Sharing an insight about analysis metrics calculation

## Introduction
The basic unit of analysis in Crunch.io is the CrunchCube, also referred to as just the "cube". The cube represents a contingency table, and gets generated by Crunch.io backend. as a response to a client's query. The clients that use these results can be any third party libraries that have access to Crunch.io.

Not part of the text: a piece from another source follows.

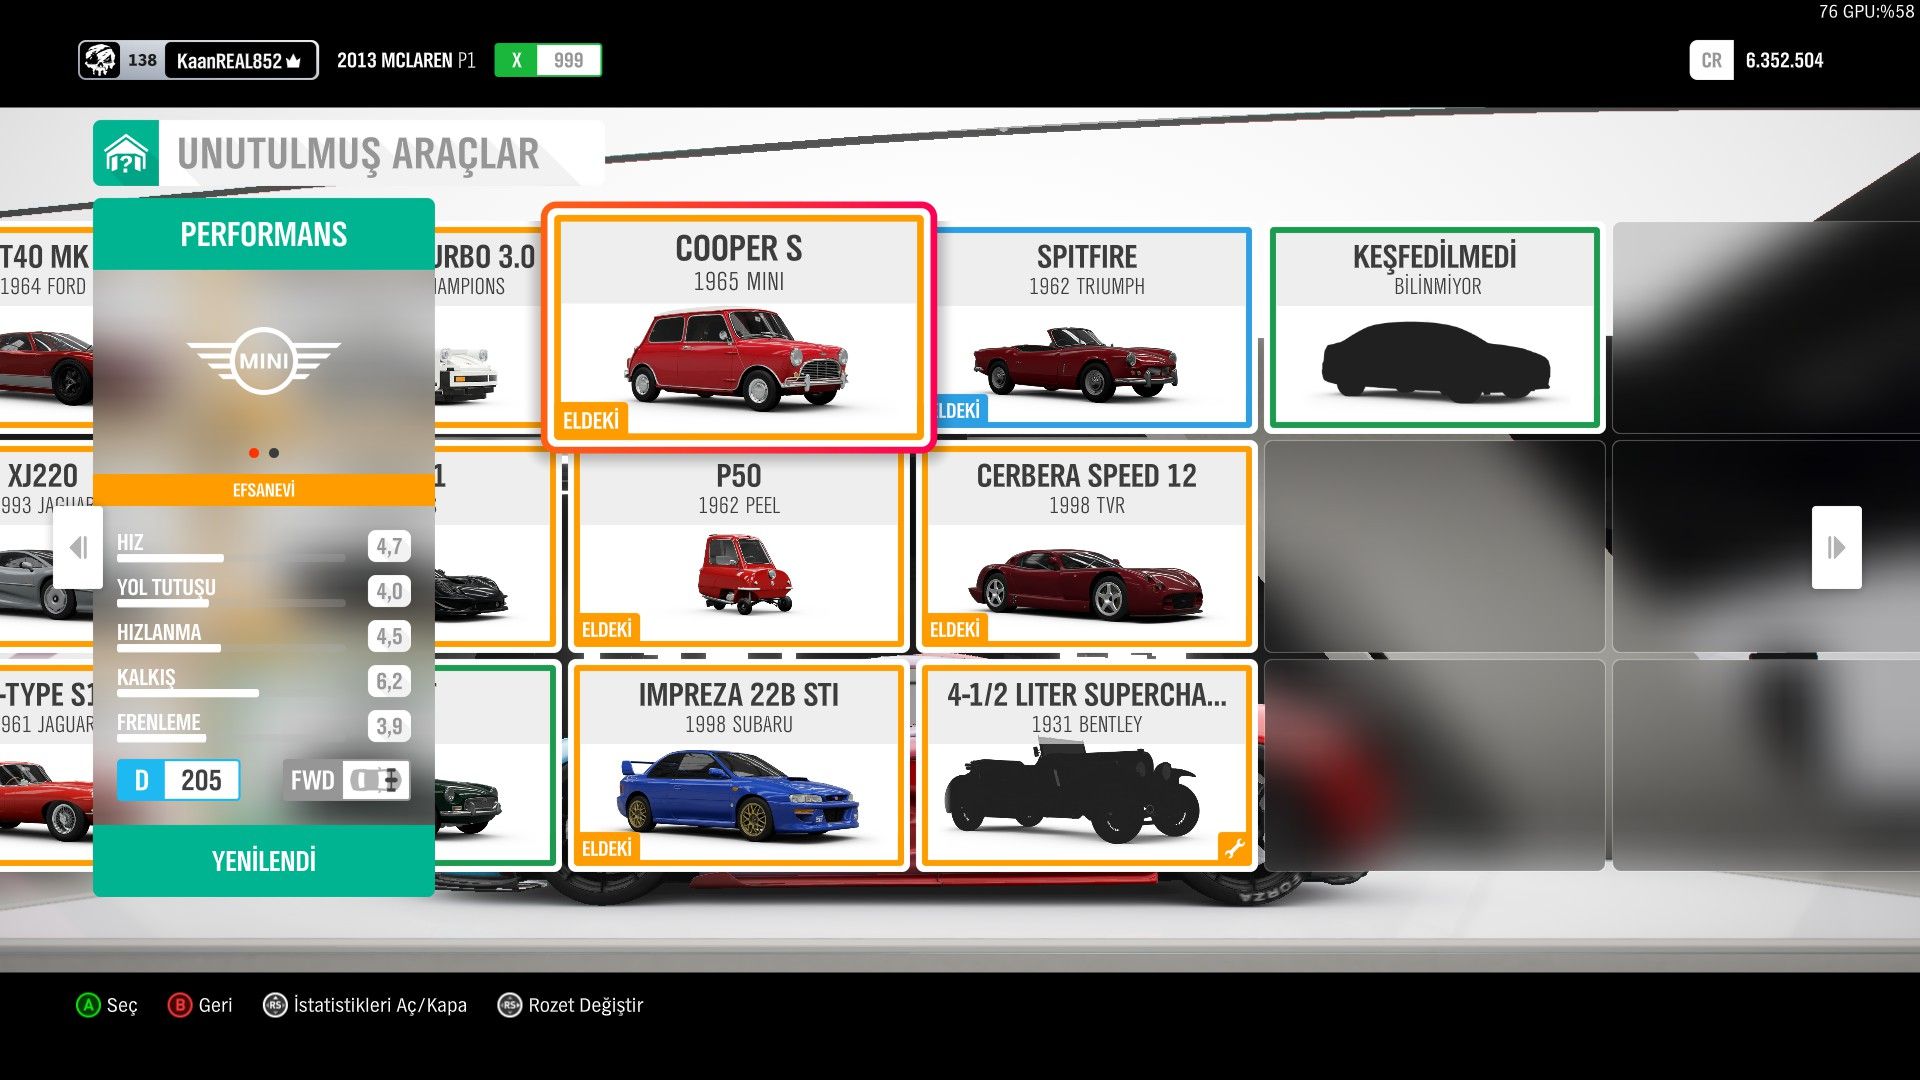 Çözüldü: Forza Horizon 4 son unutulmuş araba nasıl açılır? | Technopat  Sosyal
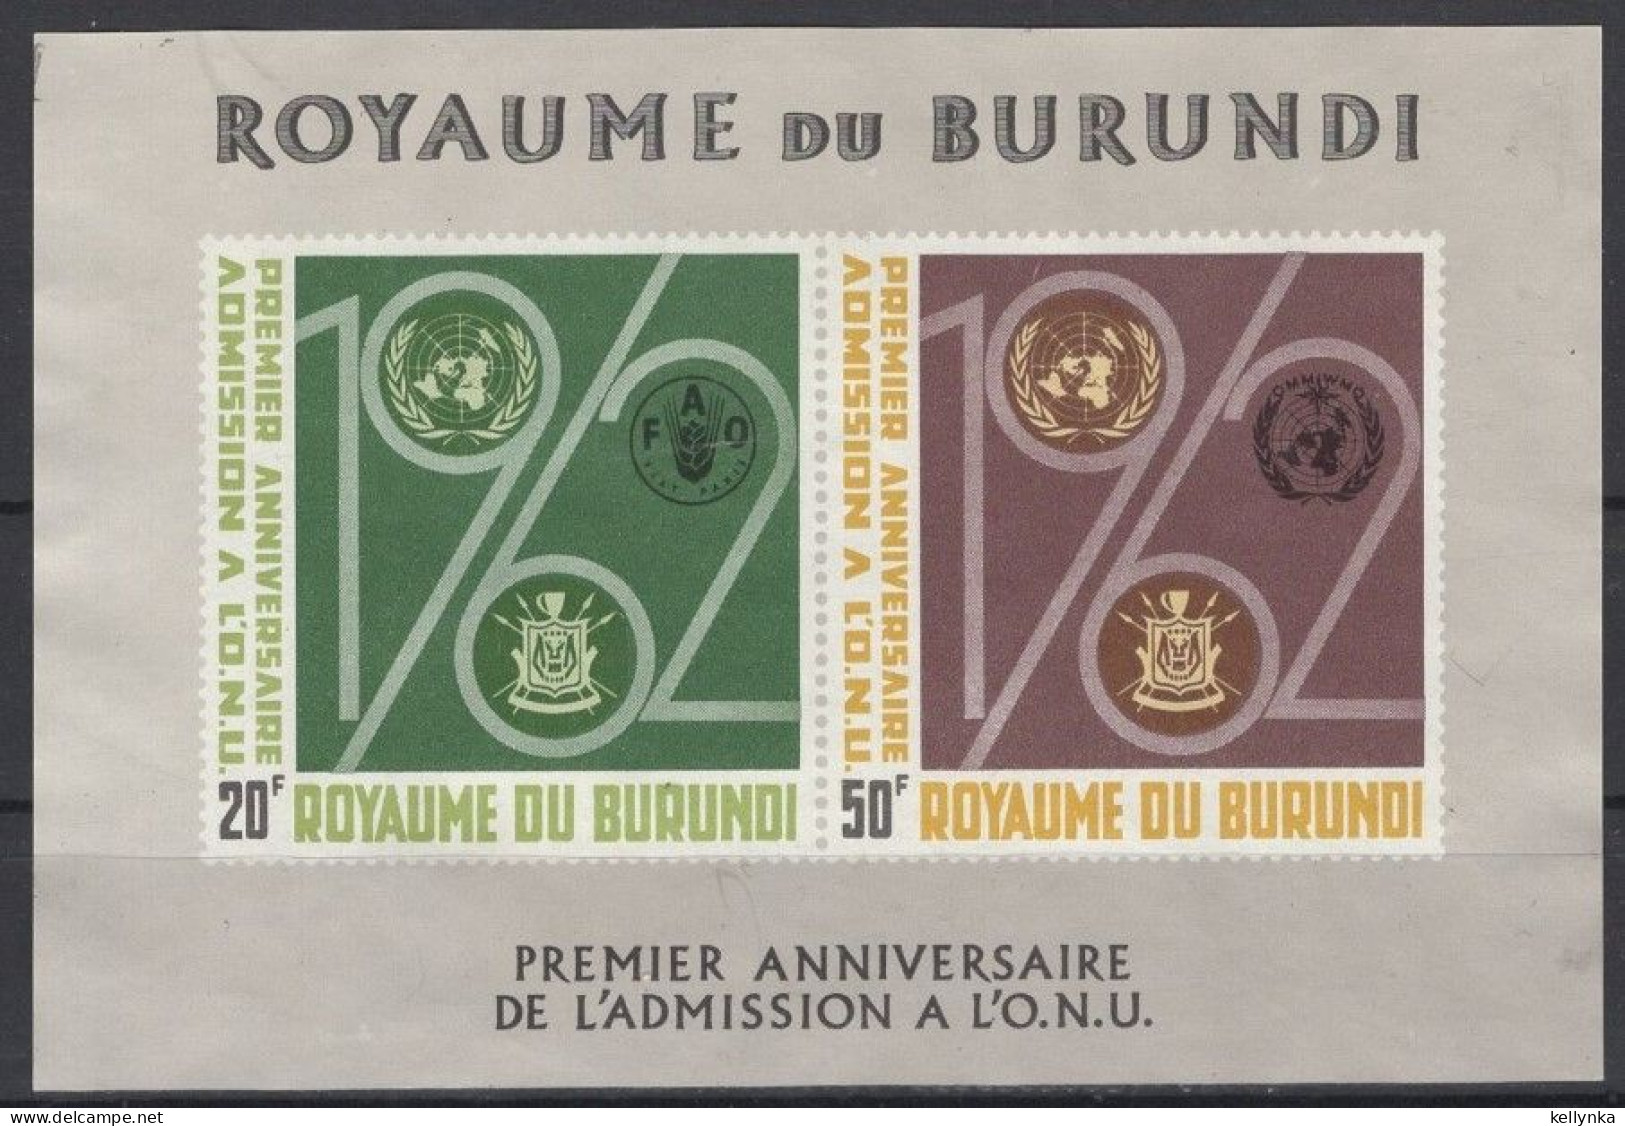 Burundi - BL2 - ONU - 1963 - MNH - Ongebruikt

At Crunch.io, we develop a few different libraries which consume CrunchCubes, and produce second order analyses based on them. Those libraries must all produce the same results so that clients don’t see different calculations depending on which client they are using. The methods to implement the calculations, however, will differ client to client, since they are implemented in different programming languages. This post covers one subtle difference we found when comparing algorithms across Crunch’s Python package `cr.cube` and Crunch’s R client library `rcrunch`.

## Second order analysis
A cube typically contains the counts, which represent the observed frequency of a two (or more) combined categories. It might be best to illustrate this with an example:

| Gender vs Education | No HS | HS | College | 2-year | 4-year | Post-grad |
| --- | --- | --- | --- | --- | --- | --- |
| **Male** | 3 | 19 | 12 | 7 | 5 | 6 |
| **Female** | 1 | 24 | 8 | 1 | 4 | 2 |

Users typically care about the percentages though, or other types of measurements, which are referred to as "second order analysis". The percentages can be calculated in three ways, and these are: the row, the column and the table percentages. They are calculated by dividing each of the observed frequencies (the counts in the cells) with the corresponding base (or margin). How bases are calculated is probably most important in order to come up with the right numbers, for all different types of measurements. These calculations, however, are done on the client side, and not on the Crunch.io backend (for various reasons, with one exception being the exporter).

## Bases - Margins
The difference between the terms "base" and "margin" is somewhat arbitrary, and they're often used interchangeably. But we can equate them for the purpose of this demonstration. We will consider that they're always calculated based on the unweighted counts of a particular cube (for clarity purposes only). The term "base" is often used to describe the denominator, which is necessary for obtaining the correct percentage (observed probability). The term "margins" is often used to designate different summaries, that are displayed below or alongside the table.

### Column percentages
This is the default "direction" in which percentages are calculated. They represent the observed probability of a particular cell in the corresponding column to be of that particular category (row). In the above example, if we take e.g. the `"College"` column, the probability of all college graduates being `"Male"` is 60%. This number is calculated as 12 / (12 + 8). That is: the observed frequency, divided by the base, which is the total of the observed column.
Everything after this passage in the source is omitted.